Here the job is to copy the data exactly and to exclude every image from it.

EXERCISE DATA:
◆ ◆ ◆ ◆
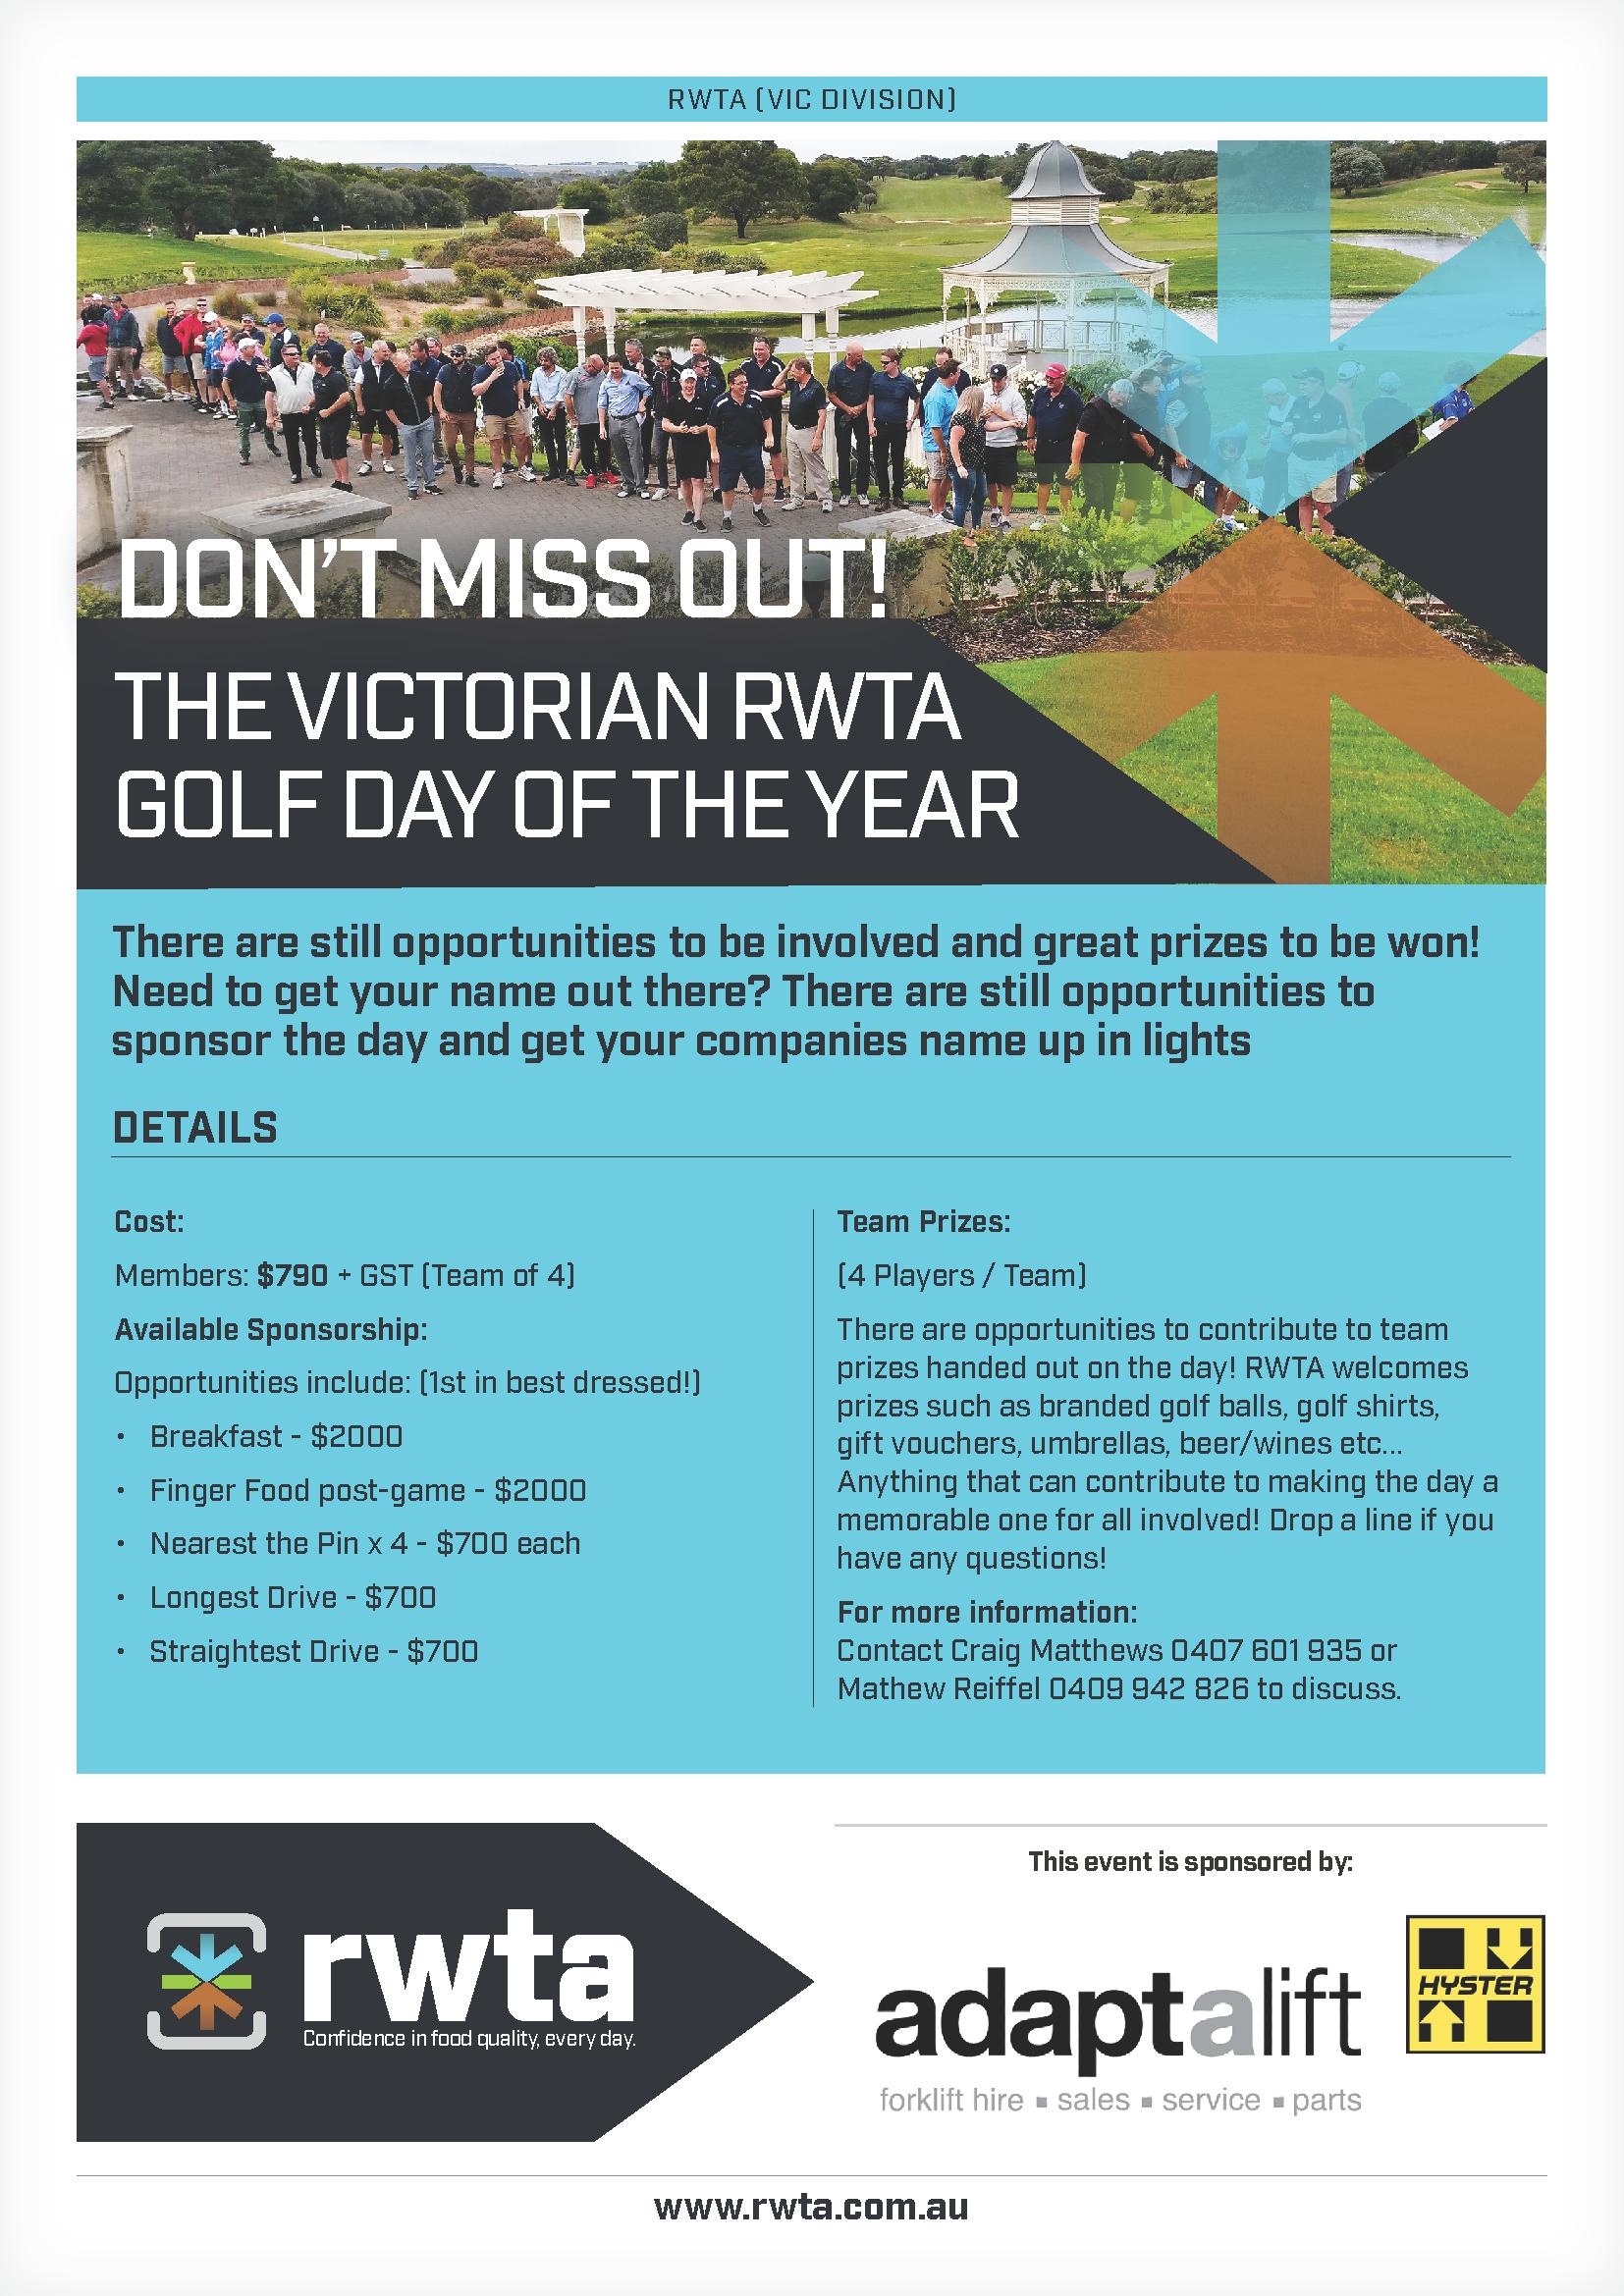 12613_RWTA_eB_VIC Golf Day_V3_01.png
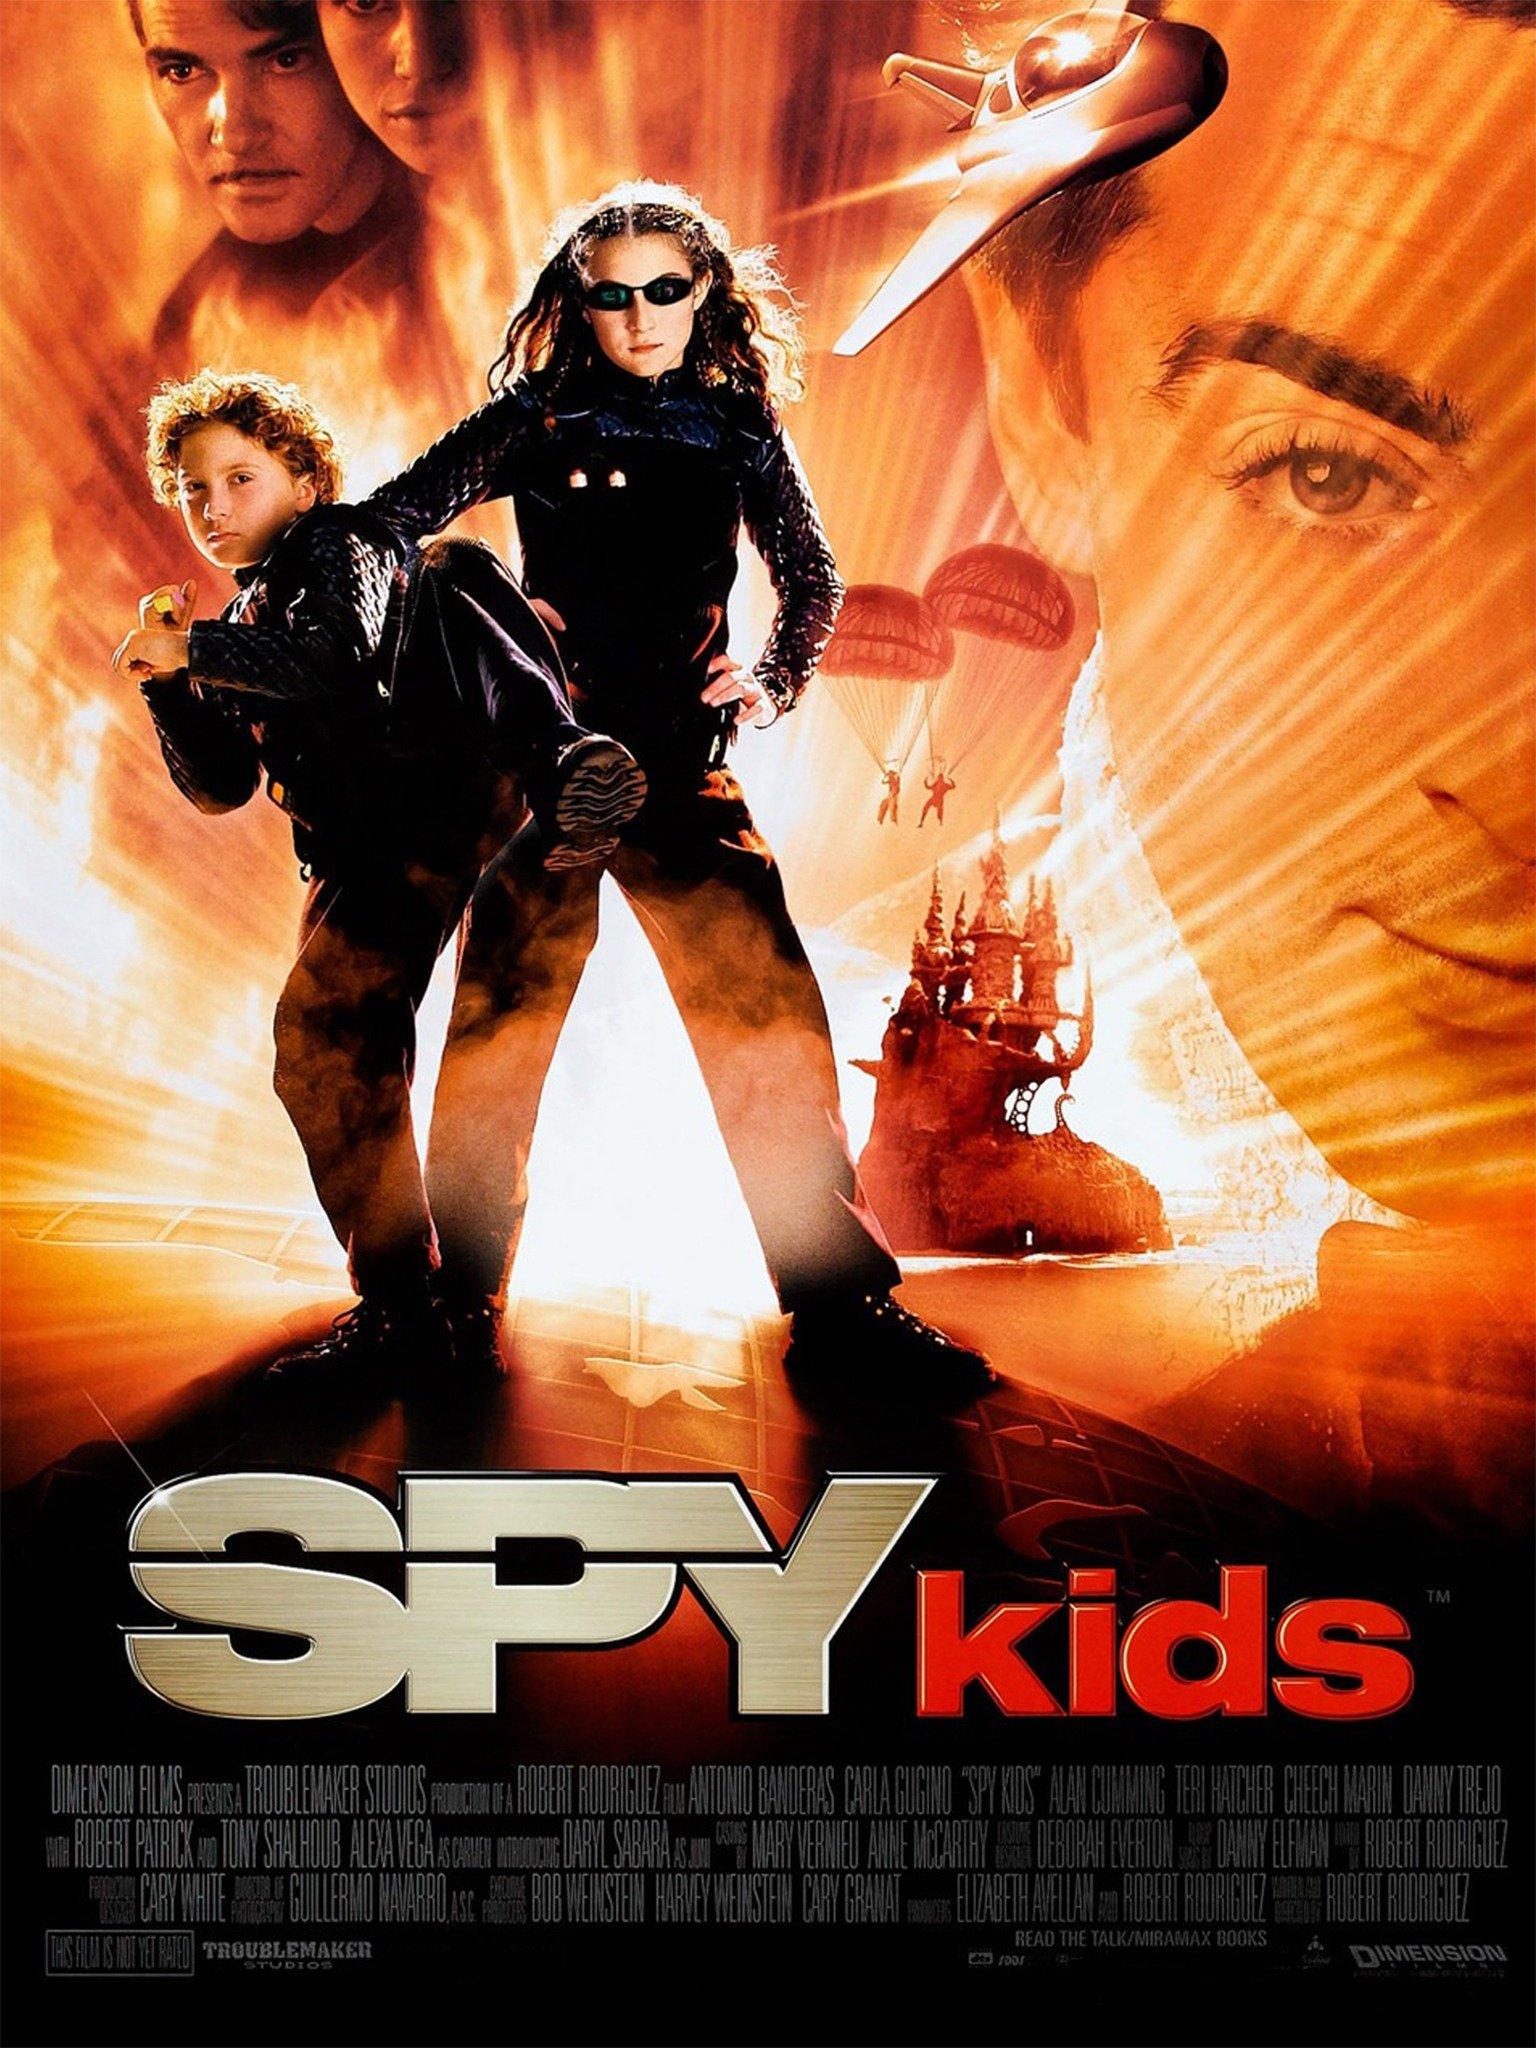 Spy Kids (2001) - Rotten Tomatoes
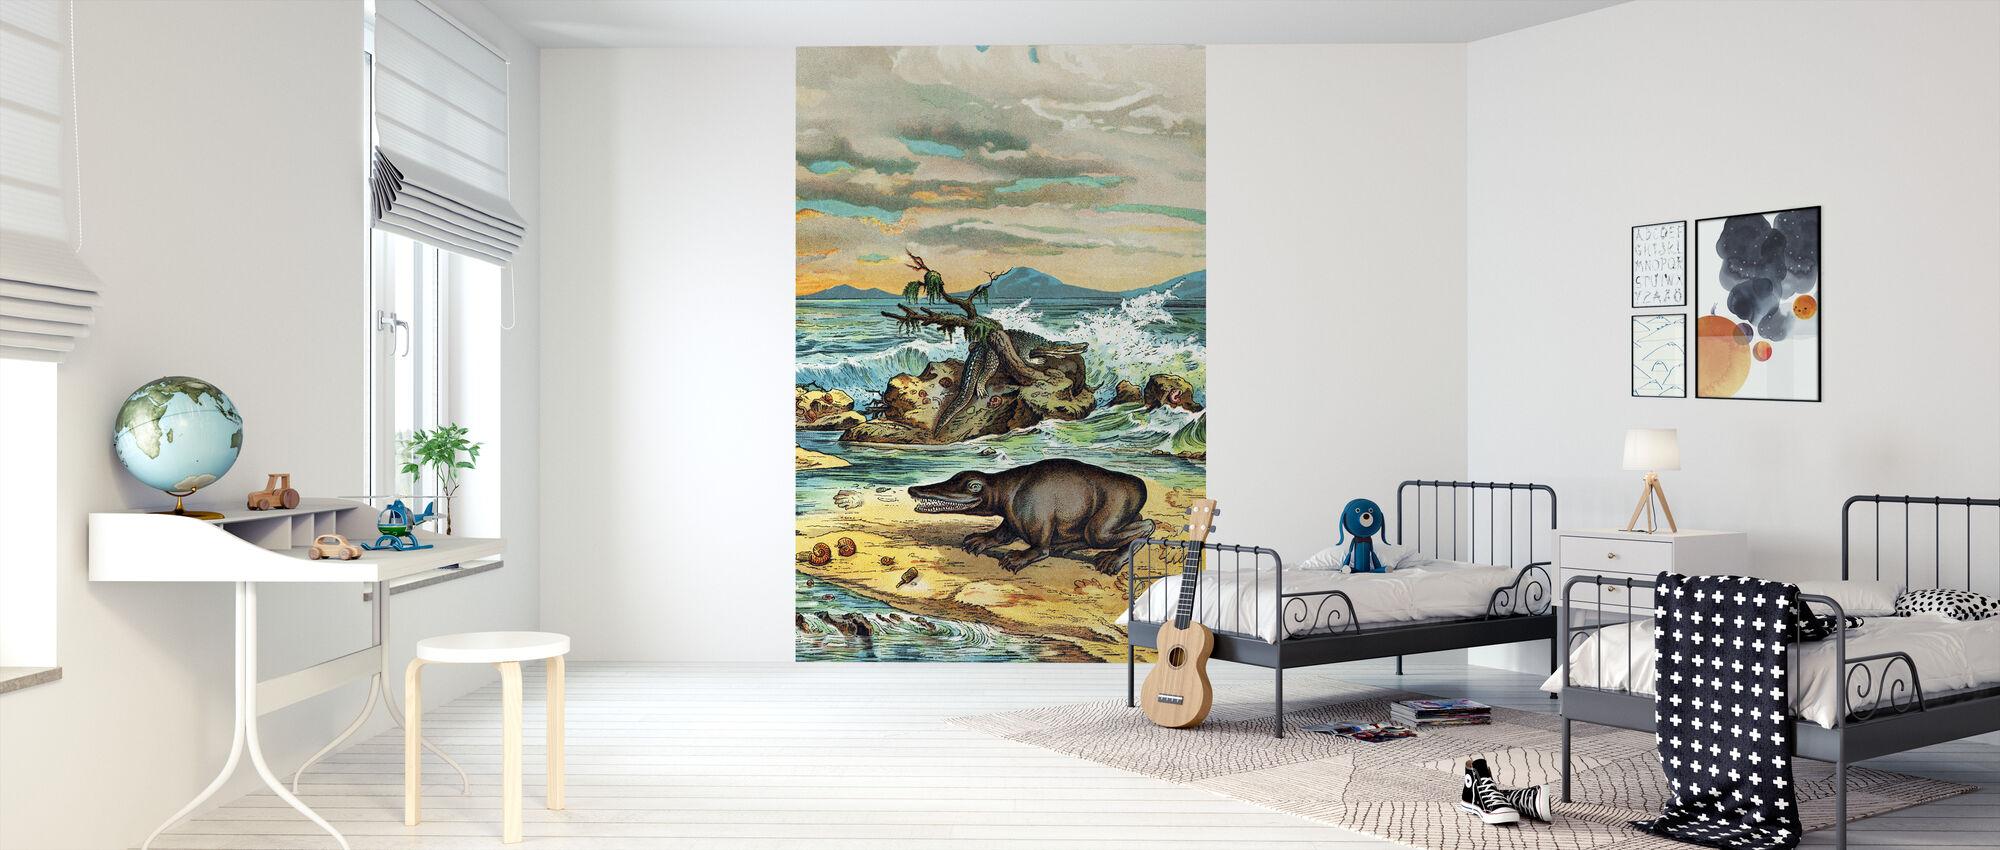 Triassic Coastal Environment - Wallpaper - Kids Room
◆ ◆ ◆ ◆
SOLVED EXERCISE:
 12613_RWTA_eB_VIC Golf Day_V3_01.png
 Spy Kids (2001) - Rotten Tomatoes
 Triassic Coastal Environment - Wallpaper - Kids Room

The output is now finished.